§ DATA:
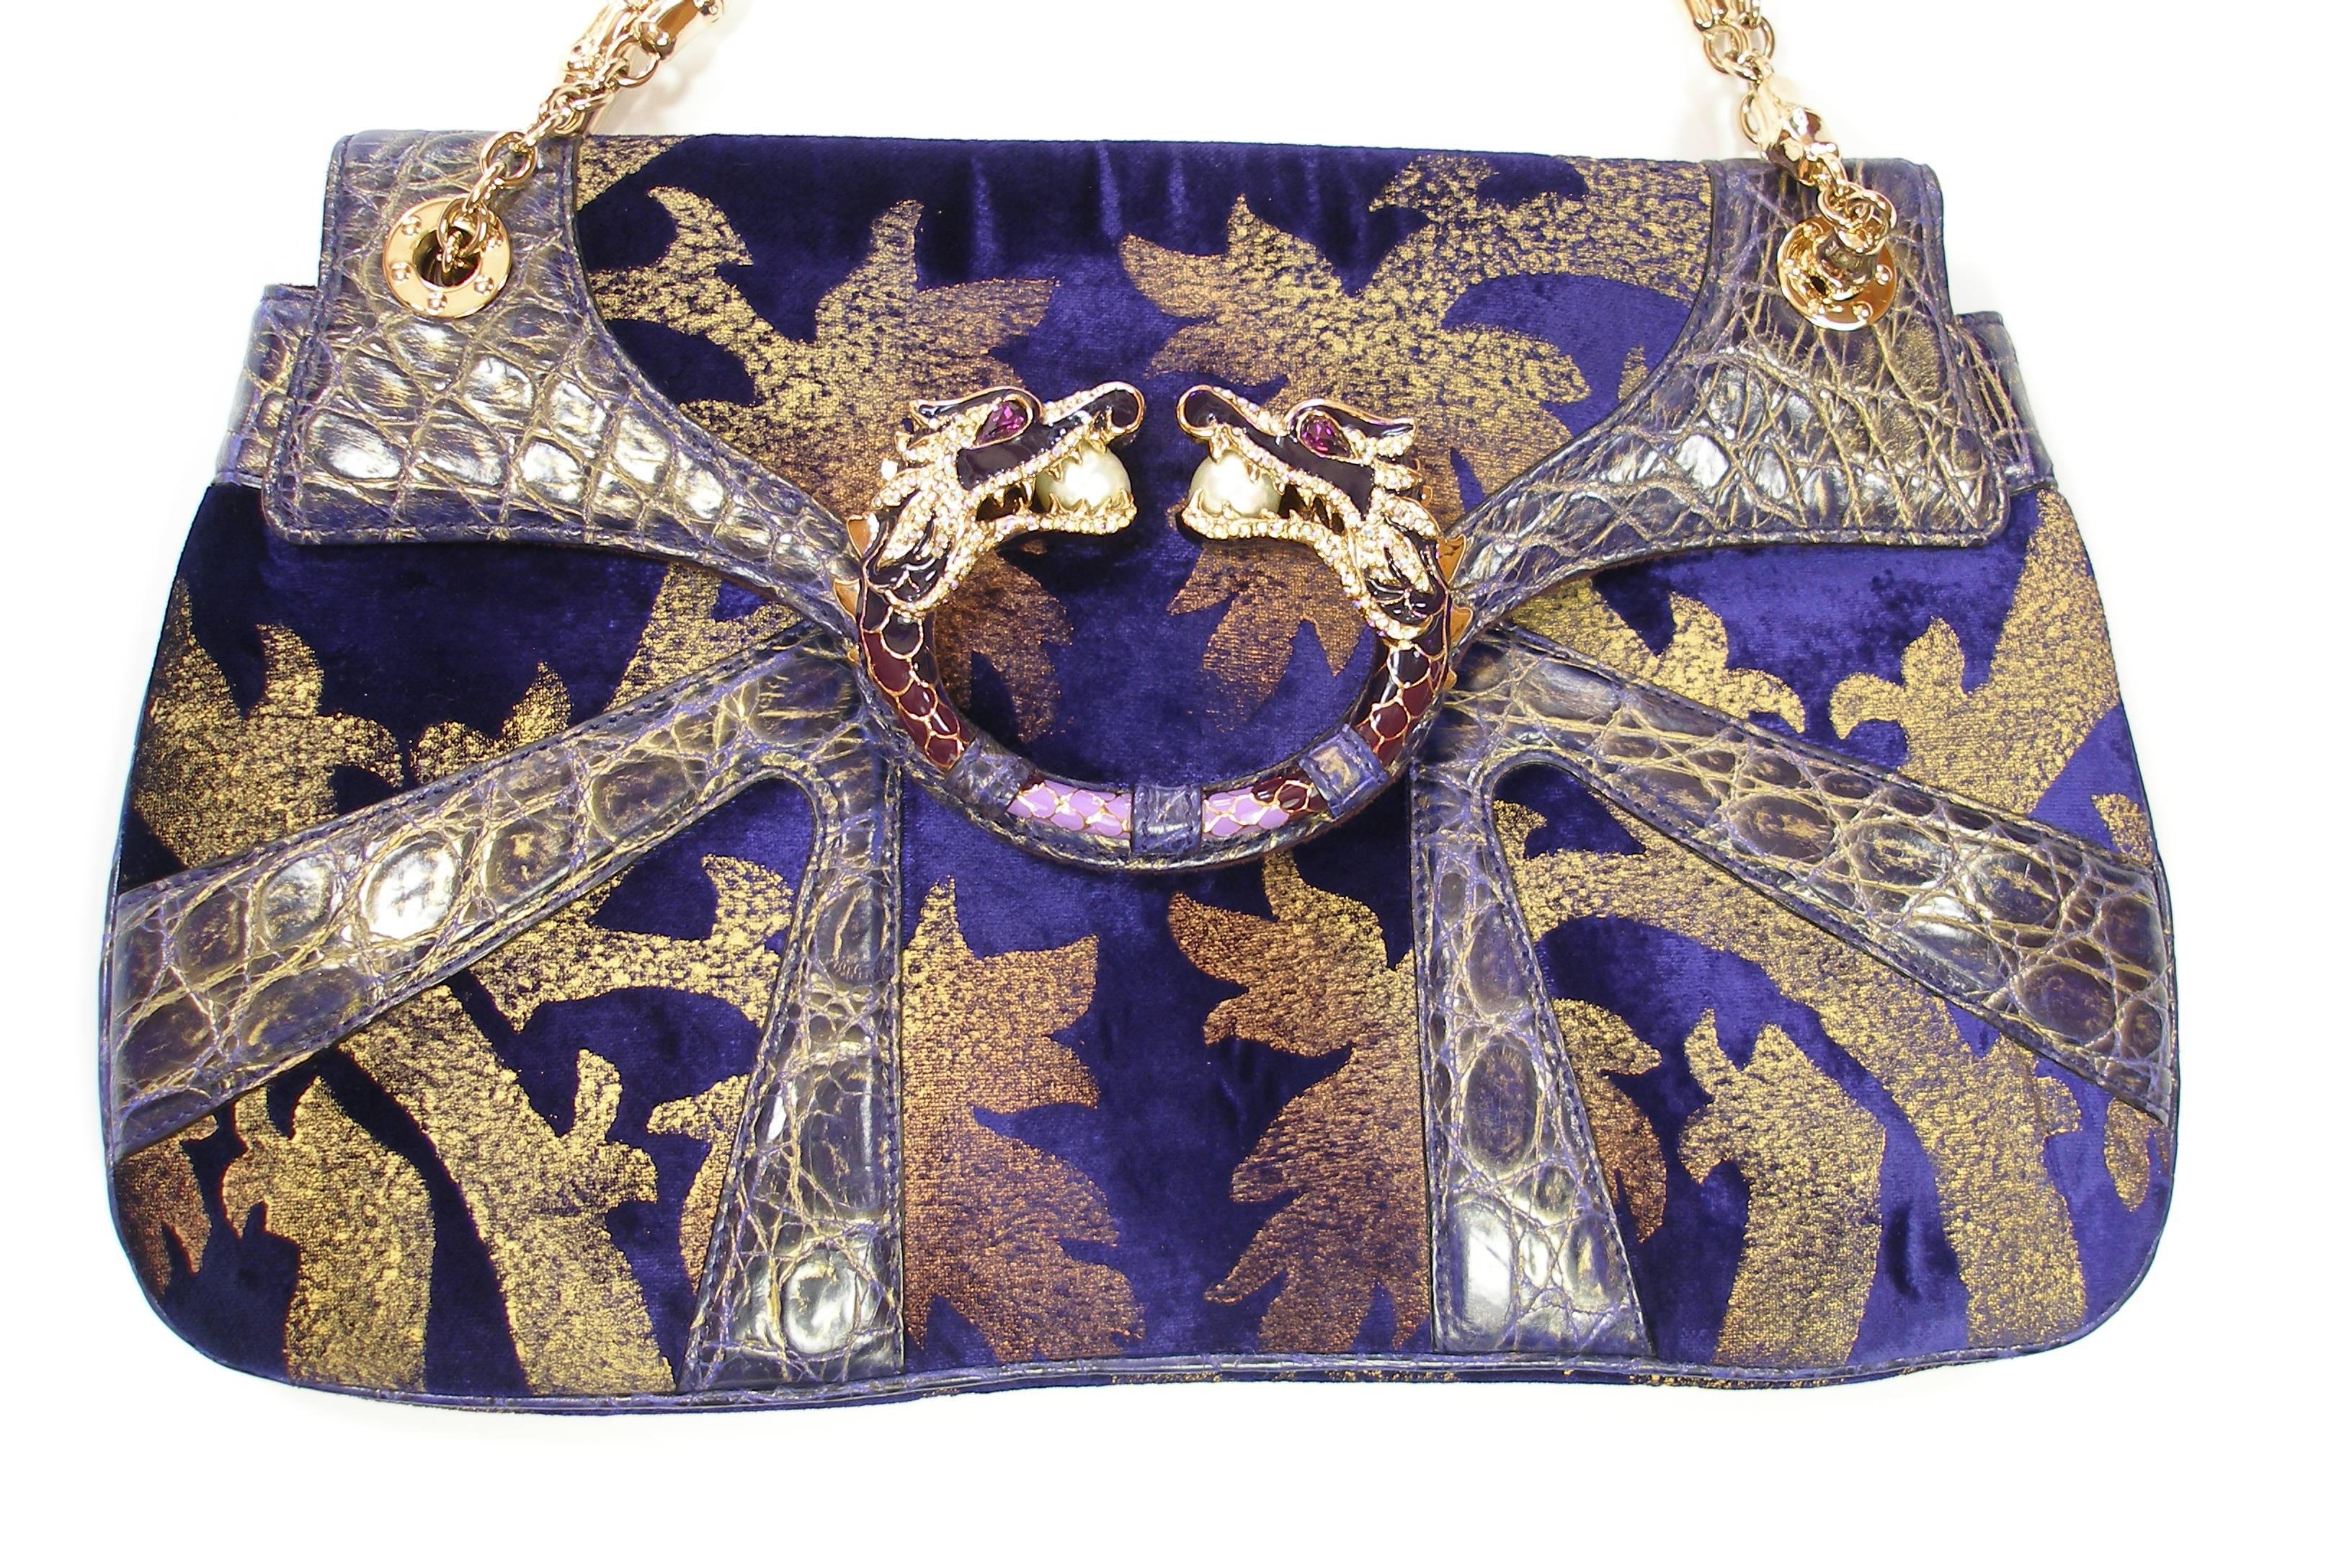 Iconic Tom Ford Gucci FW 2004 Leather Velvet Crystal Runway Dragon Bag
Dragon Bag , Tom Ford's incredible runway collections for Gucci 
Collection year 2004 !
Alligator print leather , silk velvet  Dragon Bag with swarovski crystal détail
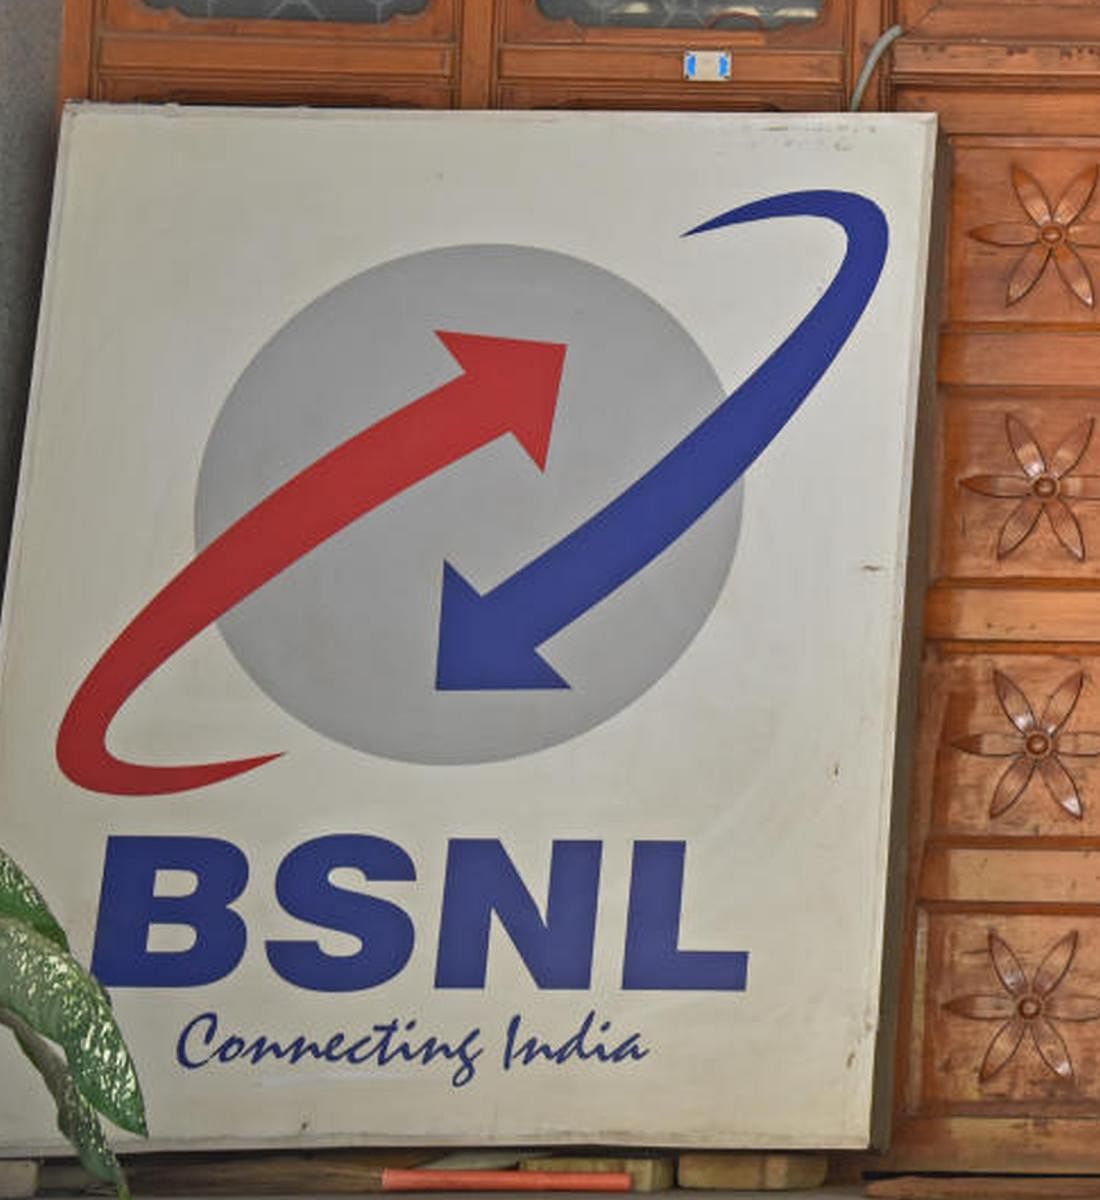 BSNL eyes Rs 300 cr from asset monetisation in FY20
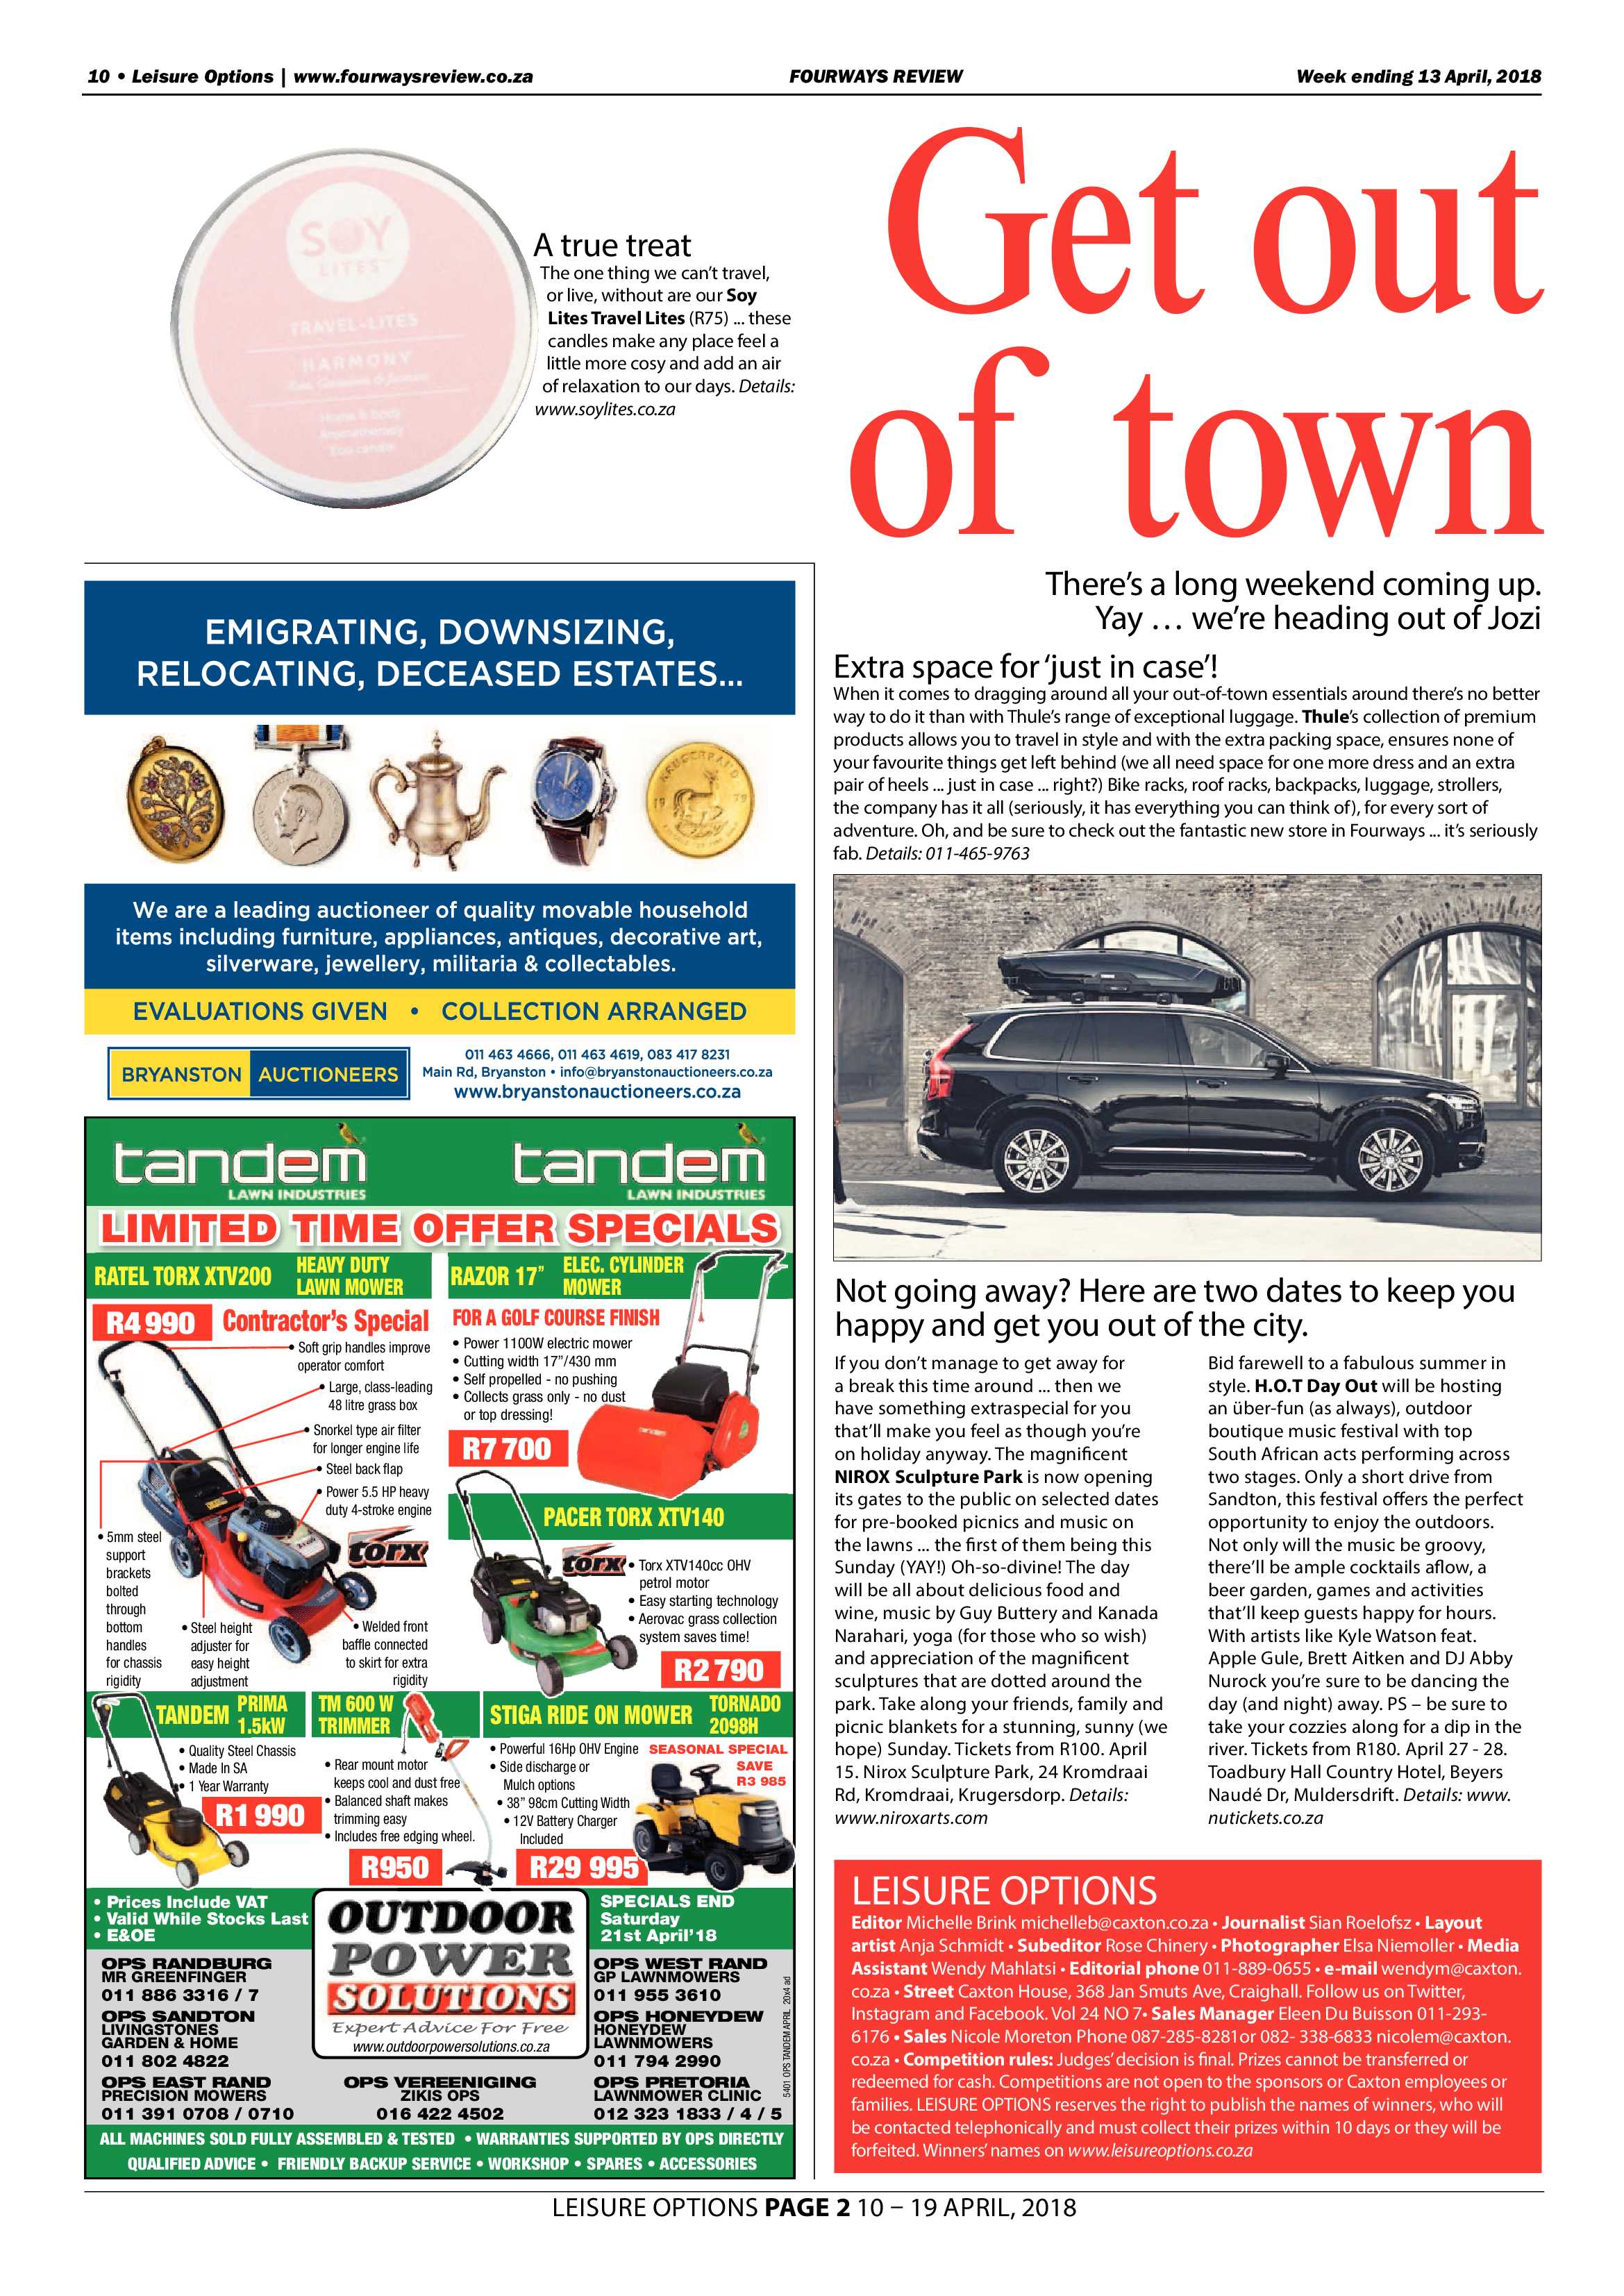 Fourways Review 13 April 2018 page 10

§ TASK DIRECTIONS: Set down again, exactly, the lines of the material above from its first line to the one with "Alligator print leather", inclusive. Leave the pictures out.

§ SOLUTION TO THIS TASK:
 Iconic Tom Ford Gucci FW 2004 Leather Velvet Crystal Runway Dragon Bag
Dragon Bag , Tom Ford's incredible runway collections for Gucci 
Collection year 2004 !
Alligator print leather , silk velvet  Dragon Bag with swarovski crystal détail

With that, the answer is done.